POLICOM's latest annual economic strength rankings have Columbus just outside the top 10 micropolitan statistical areas in the United States. 


Columbus was ranked 11th out of 536 areas with populations between 10,000 and 50,000 in the condition of its economy. That is an all-time high and represents 10 consecutive years of improvements in the rankings. Columbus is first in the state in the rankings. Last year, Columbus was ranked 24th. It was ranked 374th in 2004. 


Starkville's ranking fell slightly from 190th last year to 195th in 2014.  


West Point, whose ranking was 406th last year, is no longer considered a micropolitan statistical area, but the study reports there are 40 fewer micropolitan areas in the country than there were in 2013. Golden Triangle Development LINK CEO Joe Max Higgins said he expects West Point to be back on the list after operations begin at Yokohama Tire Company's plant in 2015. 


"West Point lost its micro status, due in part to commuting patterns," Higgins said. "Yokohama should correct this and when they come back I would expect improvement in their ranking." 


Columbus' ranking was highest in the state in micropolitan areas with the next closest two being Oxford (14th) and Tupelo (32nd). 

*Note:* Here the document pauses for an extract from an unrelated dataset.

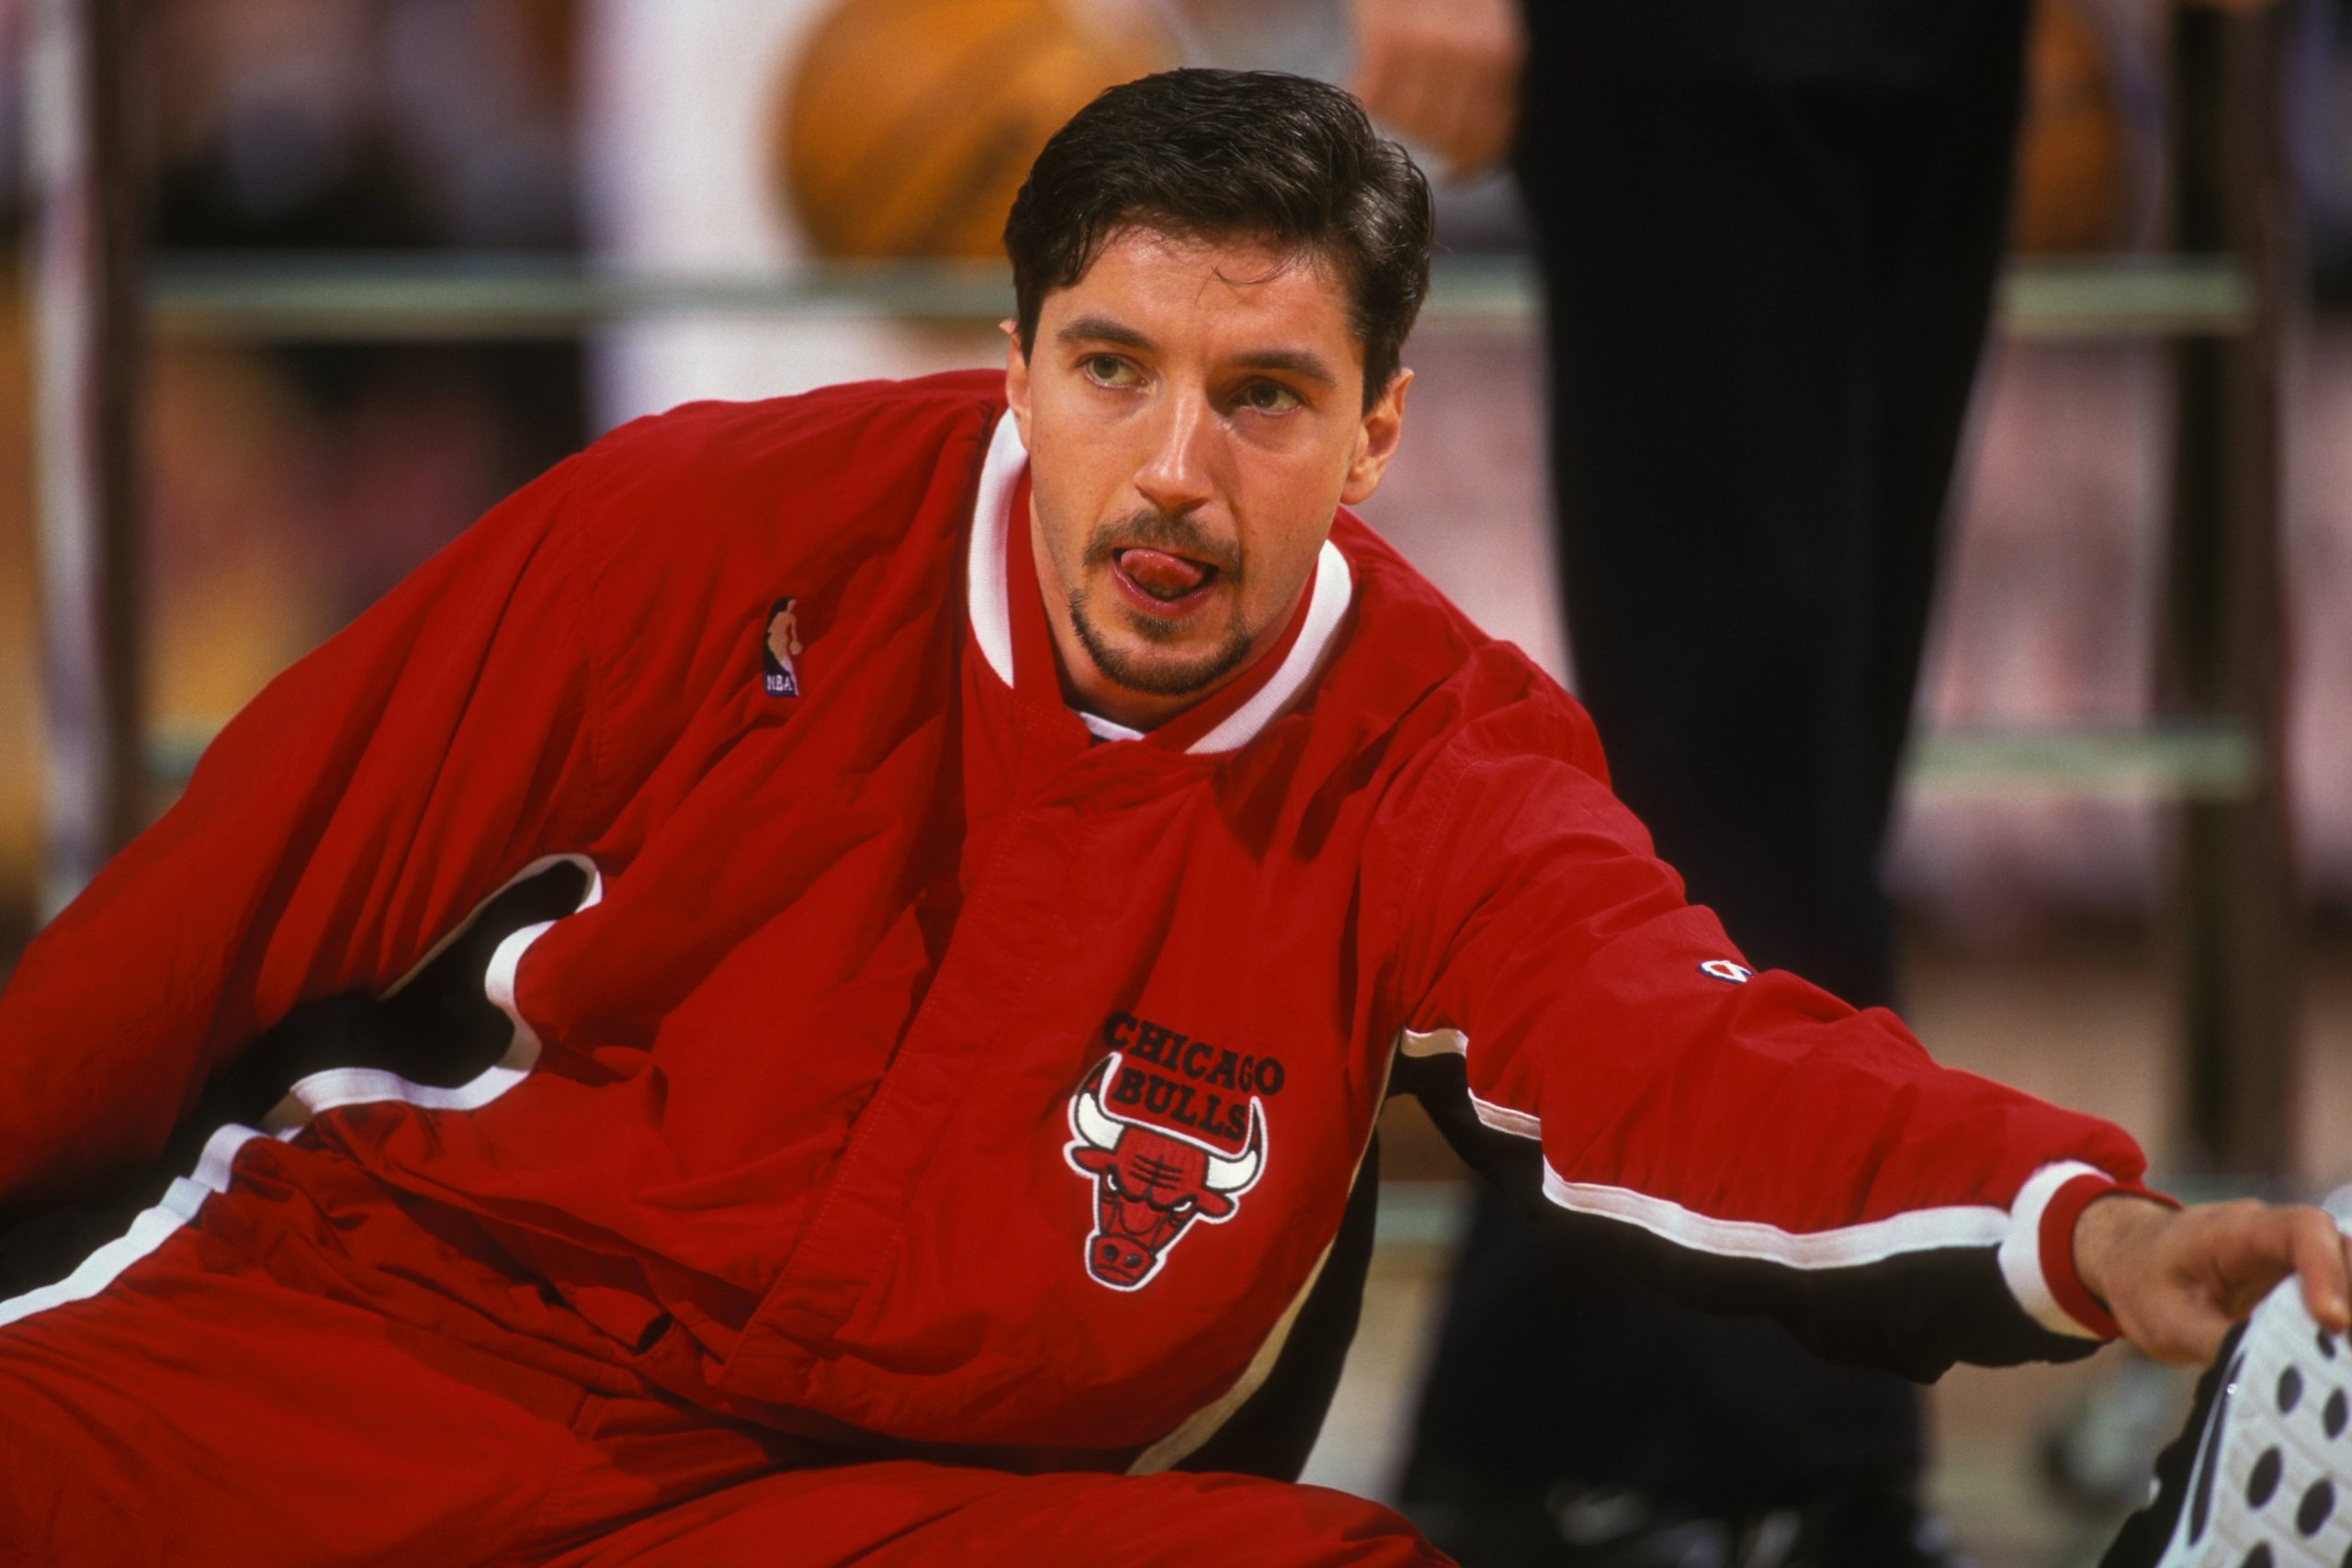 Toni Kukoc of the Chicago Bulls during a NBA basketball game against the Washington Bullets at USAir Arena on March 1, 1996.

POLICOM, a Florida-based research firm, ranks cities based on 20-year trends in growth rates, consistency, industry averages and other factors. The rankings help POLICOM study the characteristics of strong and weak economies and what causes an area to grow or decline while offering solutions for improvement. 


POLICOM CEO William Fruth was recently paid $50,000 to conduct a comprehensive economic and community development study for the Golden Triangle Area as a whole and individually for Columbus, Starkville and West Point. The LINK paid half of that amount, while the remainder was underwritten by C-Spire, which agreed to a deal to locate a $20 million data center in the Thad Cochran research park at Mississippi State University.  


In that report, Fruth said the Golden Triangle had the potential to become one of the most dynamic small-area economies in the U.S. if the three major cities were prepared to invest in workforce training efforts, research and expansion projects.